This time, he arrived with the festival’s most talked-about film, Antichrist. Despite Cannes being his spiritual home – he won the Palme d’Or there in 2000 for his musical Dancer In The Dark, starring Björk – the film’s first press screening caused uproar, a mix of jeers and nervous laughter. Billed as Von Trier’s attempt at gothic horror, the film sees Willem Dafoe and Charlotte Gainsbourg retreat to a cabin in the woods to heal their psychological wounds after their young son fell to his death from an open window. What follows is a gruelling odyssey, as Gainsbourg’s unnamed mother becomes increasingly hysterical, turning on her husband – and herself – in a brutal last half-hour. 

In the press kit, in what he called the “director’s confession”, Von Trier dubs Antichrist “the most important film of my entire career”. The reason is quite simple: his depression had left him unable to work. Six months into his illness, he wrote a script as a cathartic exercise – “as a test to see if I would ever make another film”. Still, he was listless, completing the screenplay with little enthusiasm, adding scenes and images – often culled from dreams – with no concern for logic. Dubbing it “a glimpse into the dark world of my imagination, into the nature of my fears”, what spilled out onto the page was anything but pretty. 

Ironically, the end result is one of Von Trier’s most style-conscious films since the days of his early works Europa and The Element Of Crime. Take the bravura opening black-and-white sequence as Dafoe and Gainsbourg copulate in slow motion. It’s a far cry from the back-to-basics aesthetic of his Dogme95 manifesto, when Von Trier (who made 1997’s The Idiots under its so-called Vow of Chastity) urged filmmakers to shoot films on handheld cameras in natural lighting with no special effects. 

Nevertheless, Von Trier, who wanted to merge a documentary-like style with more “monumental” shots, was unhappy with the end results. “I don’t think I really succeeded,” he moans.

The closest we get to a laugh in Antichrist is when a fox – eating its own entrails no less – turns to the camera and repeats Von Trier’s office door slogan, “Chaos Reigns”. “As you know, I work very much from humour,” he says. “And we know that this (a talking fox] is a horror killer, but on the other hand, the fox demanded a line – so what can you do?” 
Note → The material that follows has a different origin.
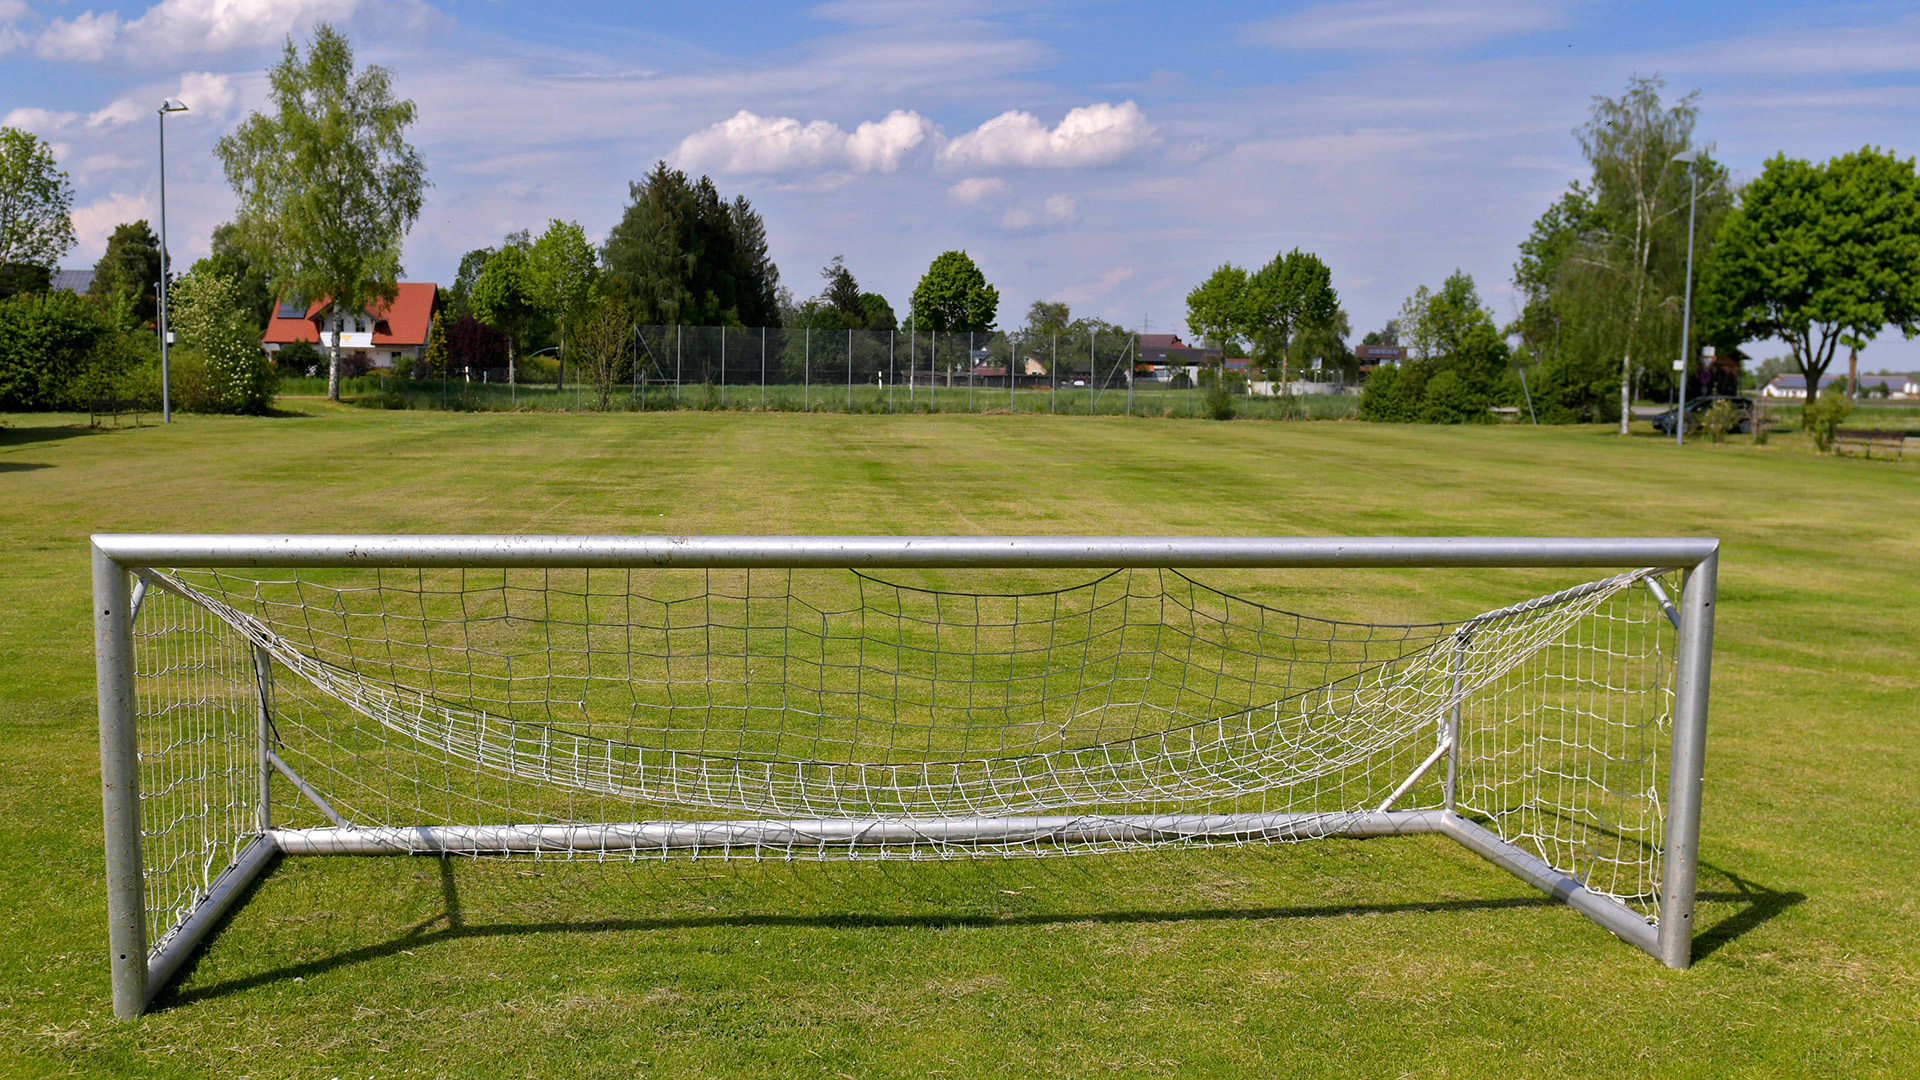 Fußballplatz | Bildquelle: imago images/MiS

By the time Von Trier arrived in Cannes – infuriating one Daily Mail journalist in the press conference by refusing to justify the film and instead proclaiming himself “the best director in the world” – chaos did reign. When the film premiered, he left the screening without waiting to receive the applause. “I’m not a stable person,” he shrugs. “I felt quite a lot of hostility in the room, and then a stupid little thing (happened] like a light didn’t go on, and we had to sit there for seven minutes and wait for an endless time. I’m normally a very friendly man but at a certain point I couldn’t take it anymore. Then someone said, ‘People are clapping. If you go, it’s an insult to them.’ And that was enough. I was off!” 
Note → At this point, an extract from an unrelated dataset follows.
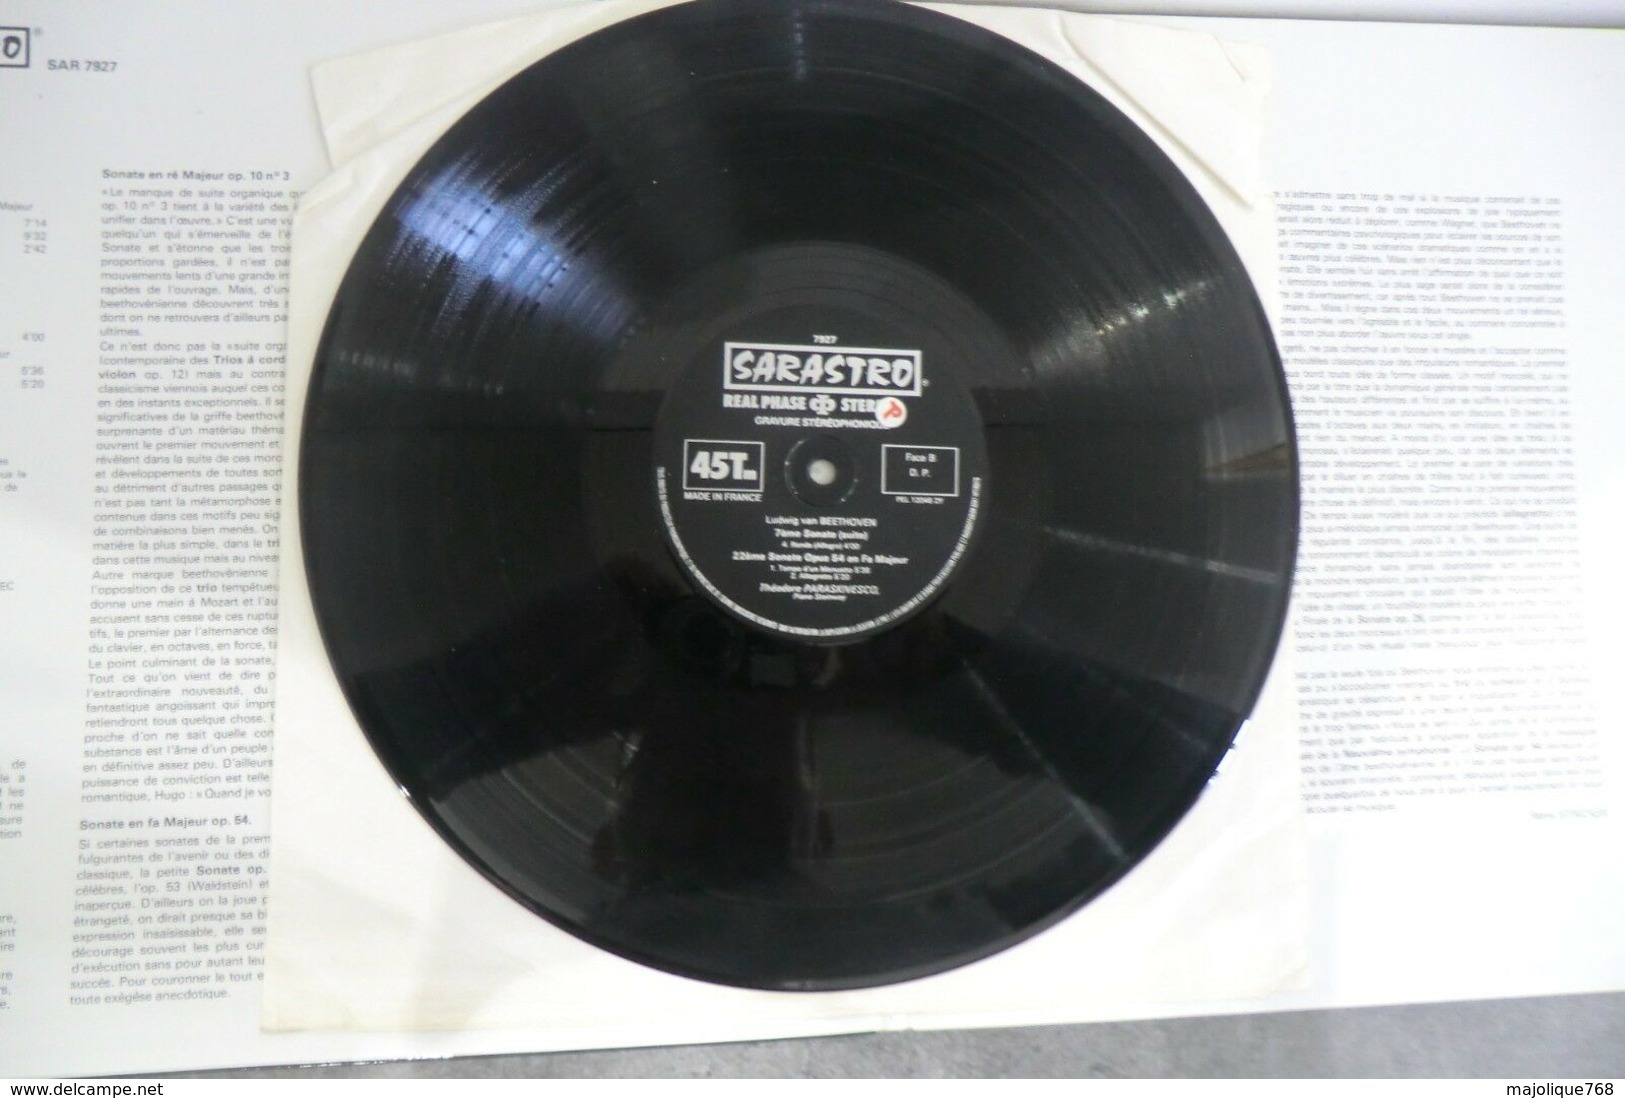 disque-Théodore paraskivesco - sonate N°7 opus de beethoven - sarastro sar 7927 - 45 LP - 1978 sous plastique -

With the film proposing that Gainsbourg’s character is the embodiment of the Antichrist, it once again raises the age-old accusations that Von Trier is a misogynist. Just recall Dogville and Manderlay – the first two parts of his as-yet-incomplete USA trilogy – and the punishments handed out to the character of Grace, played respectively by Nicole Kidman and Bryce Dallas Howard. Certainly, a brief glance at Von Trier’s private life hints at where his problems stem from. Back in 1995 his mother made a deathbed confession that her late husband was not Von Trier’s biological father. Within a year he divorced his first wife and converted to Catholicism (hitherto believing he was Jewish). 
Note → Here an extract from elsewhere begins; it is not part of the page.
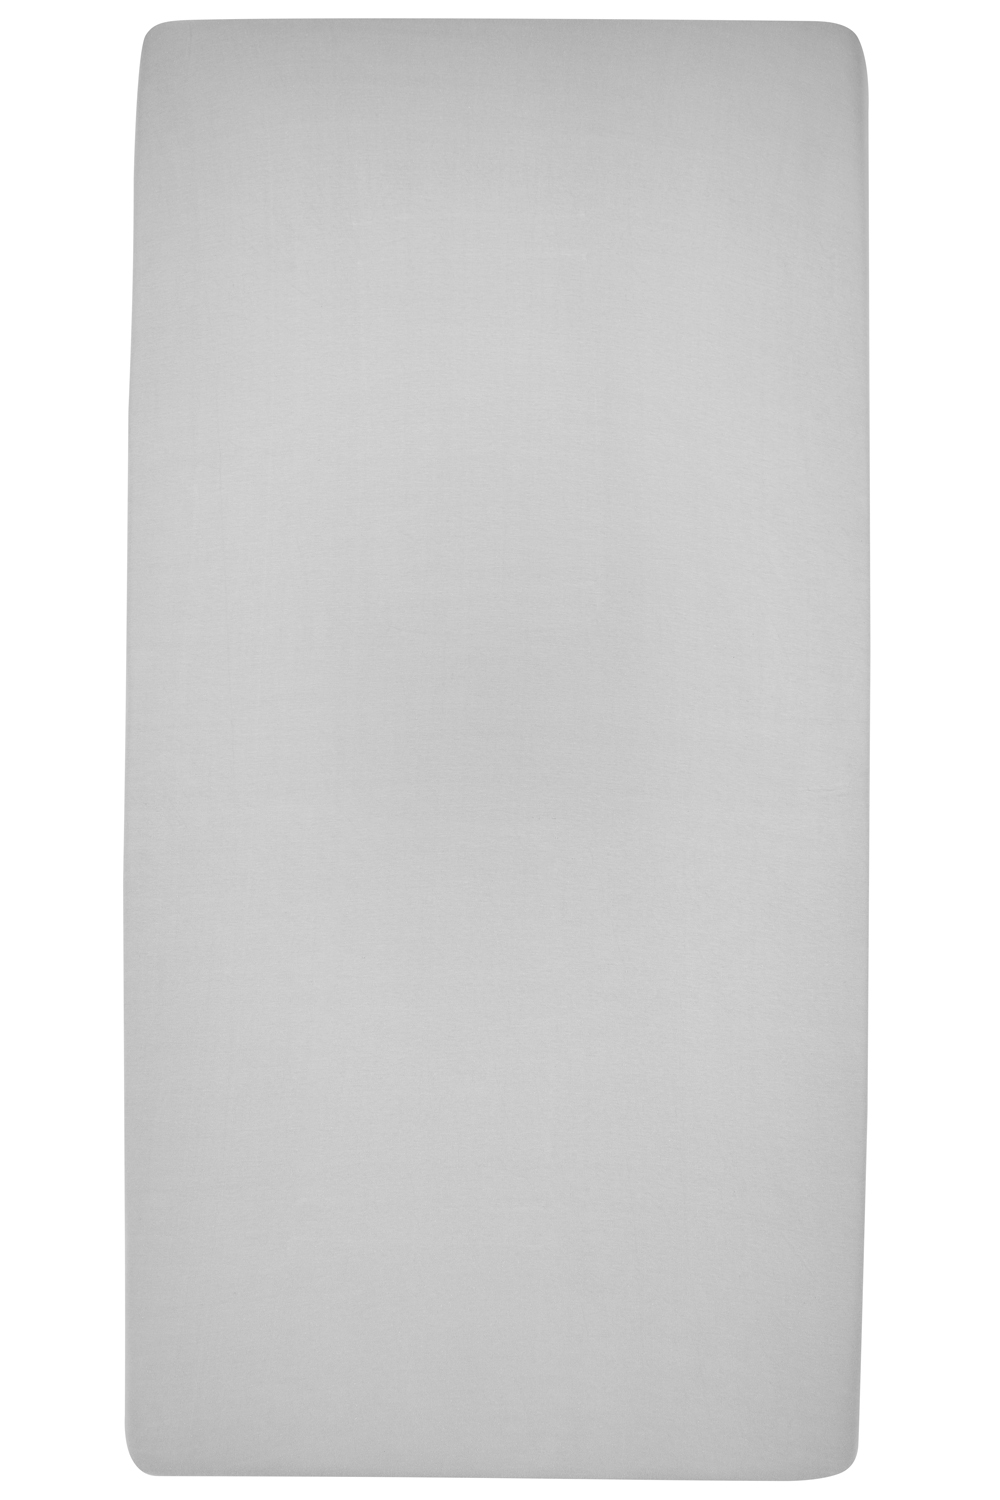 Jersey Hoeslaken - Lichtgrijs - 70x140/150cm

So what made him see woman as the Antichrist? “I am probably not very religious,” he explains. “It’s very obvious to me that religion is something that’s invented by man. So suddenly I saw that the Antichrist would be the woman because she wouldn’t accept the religion that was so typically manmade.” He’s increasingly come to believe he’s an atheist, he says. “I can’t be honest and say to my children (he has four], ‘There is a God.’ It’s not possible.” He lets out a long sigh. “I think you can say that I’m a pessimist. It’s the only thing that has come out of all these years of therapy.”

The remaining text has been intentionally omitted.